Heimdall 2

Title		Heimdall 2
Publisher	Core Design, 1994
Game Type	RPG
Players		1
Compatibility	1 MB (Seperate OCS/ECS and AGA versions)
HD Installable 	Yes
Submission	Stuart Wilson

Heimdall returns to your screens again with another Loki battling
escapade. For those unfamiliar with the original, Heimdall 2 also uses a
3D isometric perspective, with a point and click system. This time, Loki
is determined to get his revenge on his arch-enemy Heimdall, who defeated
him after Loki stole the weapons of the Norse Gods Odin, Thor and Frey.
Sporadic attacks across the realm have alarmed the Gods, and Odin sends
his son Baldur to deal with them. Unfortunately he is unsuccessful, and
all is lost until Heimdall volunteers to return to a mortal state to deal
with Loki on a more personal basis, not only to retrieve the weapons of
the Gods, but the amulets, talismen and Ro'Gelds (sources of magic) that
are scattered throughtout the various worlds. Excpet this time he is
assisted by a Valkyrie known as Ursha. Hence Heimdall 'II'.

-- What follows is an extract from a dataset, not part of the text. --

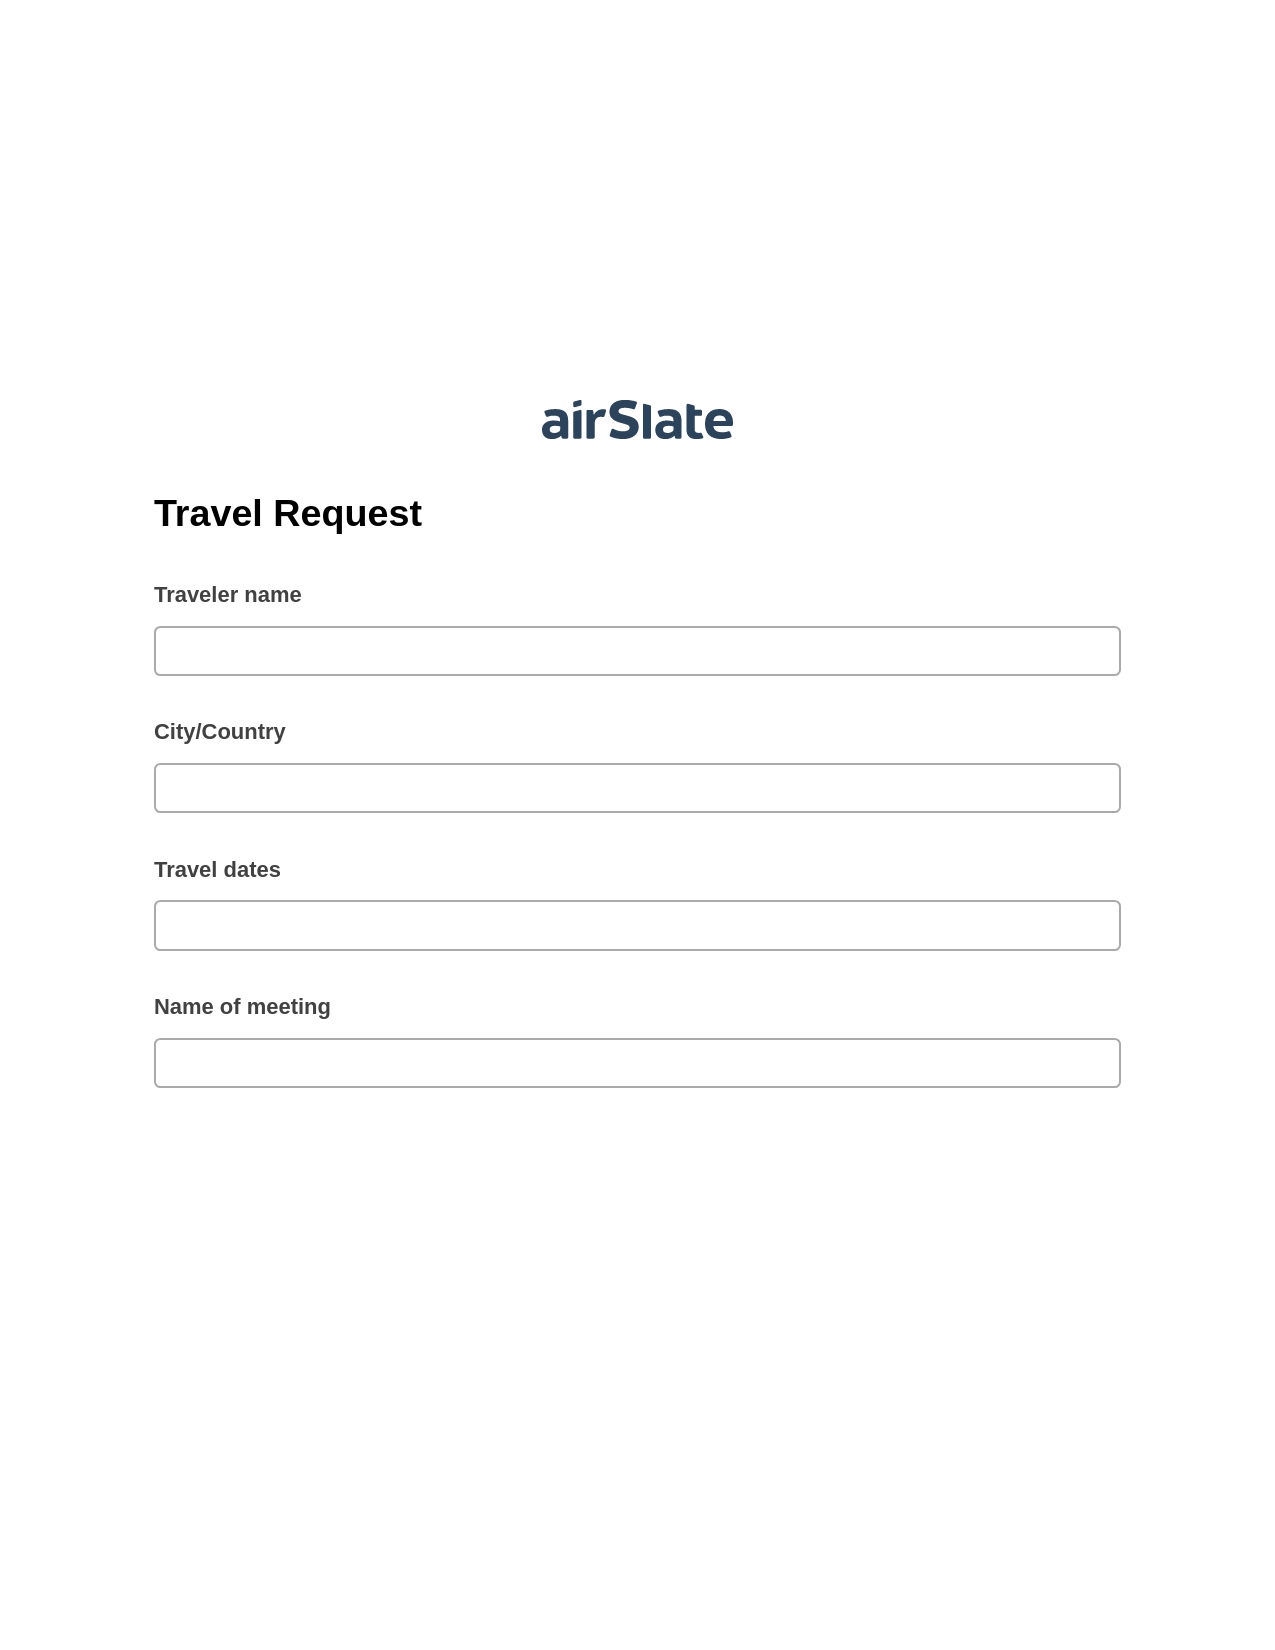 Multirole Travel Request Pre-fill from Salesforce Record Bot, Webhook Bot, Slack Notification Postfinish Bot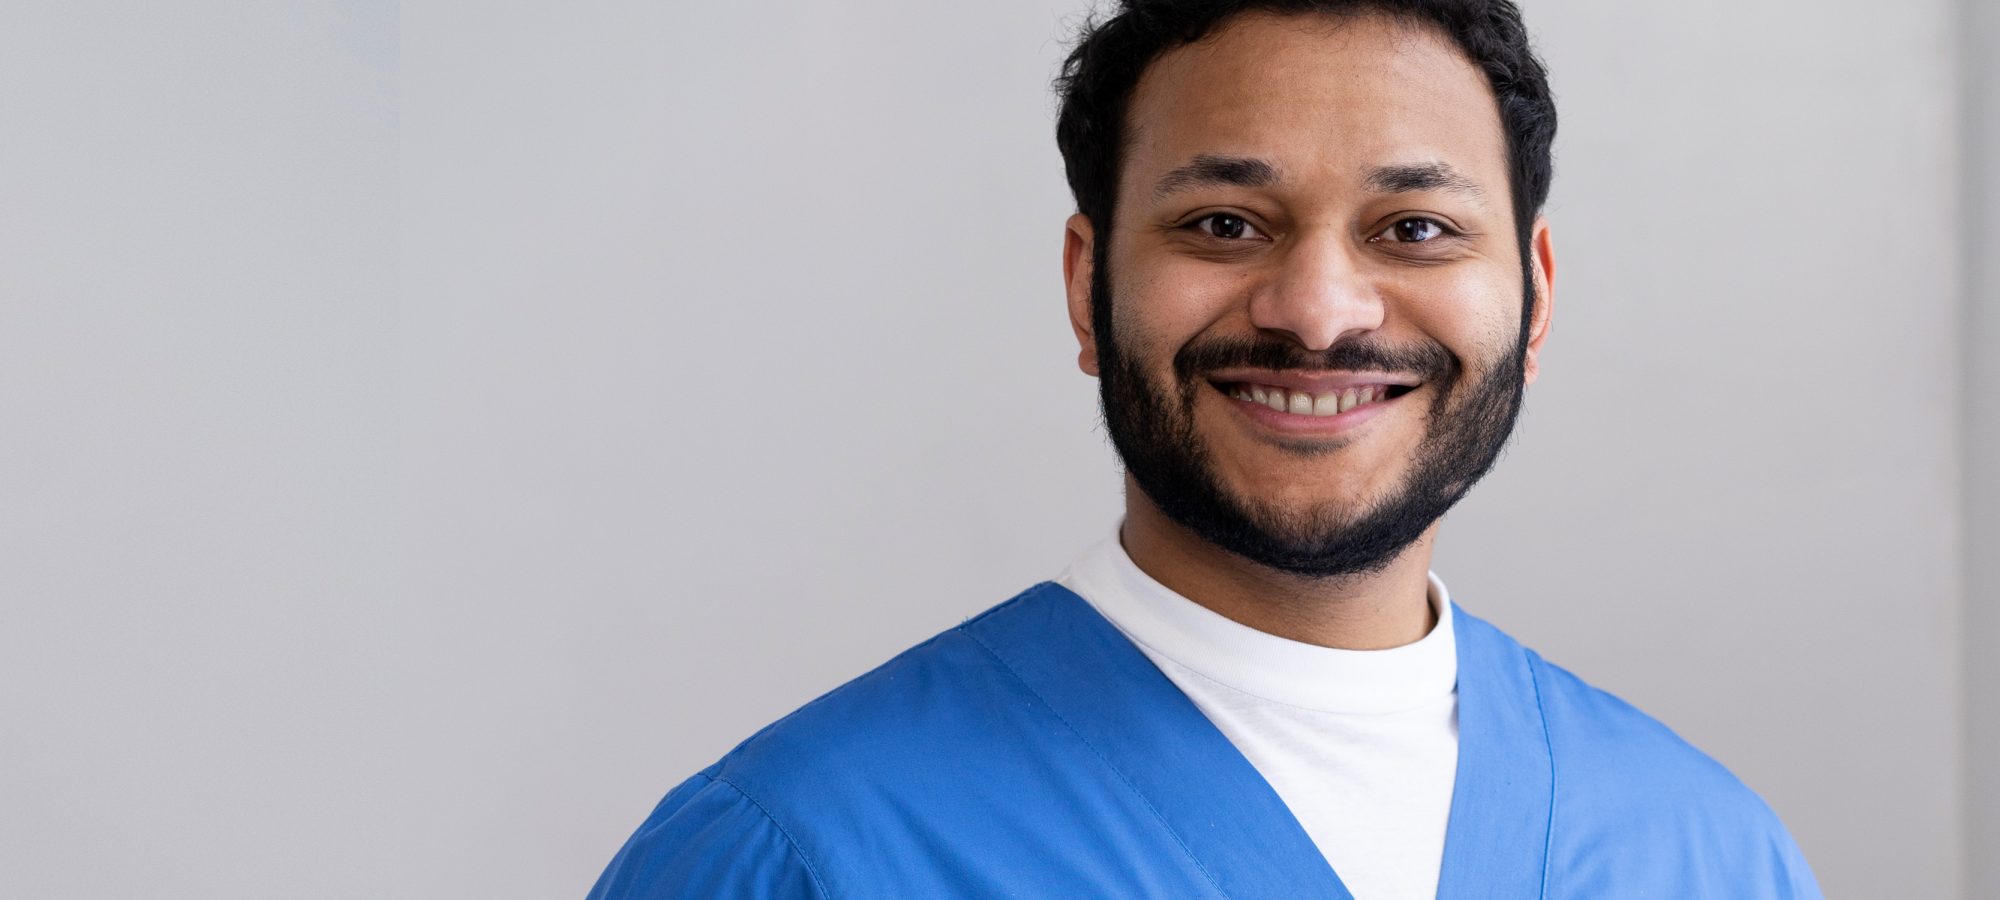 Healthcareworker in scrubs smiling at camera

A rather complex background in itself leads to a simple general plot:
Collect the Ro'Gelds, amulets and Talismen and don't get killed. The
addition of another character with slightly differing statistics is
supposed to be an aid, but you may find yourself simply using it to store
items you pick up. Rather standard RPG fare then: Increase your
statistics by practising combat and magic, fight various creatures and
delve into various sub-plots that make up the whole. You are gently eased
into the game with your first puzzle - in this case, two warring villages
that Loki has confused into believing they are at war with each other.
Fairly simplistic in itself, though it doesn't actually sound that

What you are presented with however is actually a very pleasant gaming
experience: bold, colourful and well detailed backgrounds and sprites are
extremely well animated, it is clear the designers have spent a lot of
time developing the artwork. Even on a standard A600, detail and animation
is clear and well defined, though it is improved greatly with a 1 MB
memory upgrade, and the AGA version boasts more colours and is slightly
faster, though the pace of the characters is a little slow and can take a
while to traverse the game screen. The sound is very good, the sound
effects adding realism to the game and the in game music is of a similar
quality. Though I found it could get a little annoying at times, it didn't
detract from my enjoyment of the game.

In all I highly recommend this game to anyone, no matter their gaming
preference. If I were to be truly objective, I would say that those
obsessed with standard RPG style games should perhaps avoid this as it
hasn't quite the depth of say, Ishar. But otherwise I consider this to be
a well constructed game and should certainly be on any gamers list.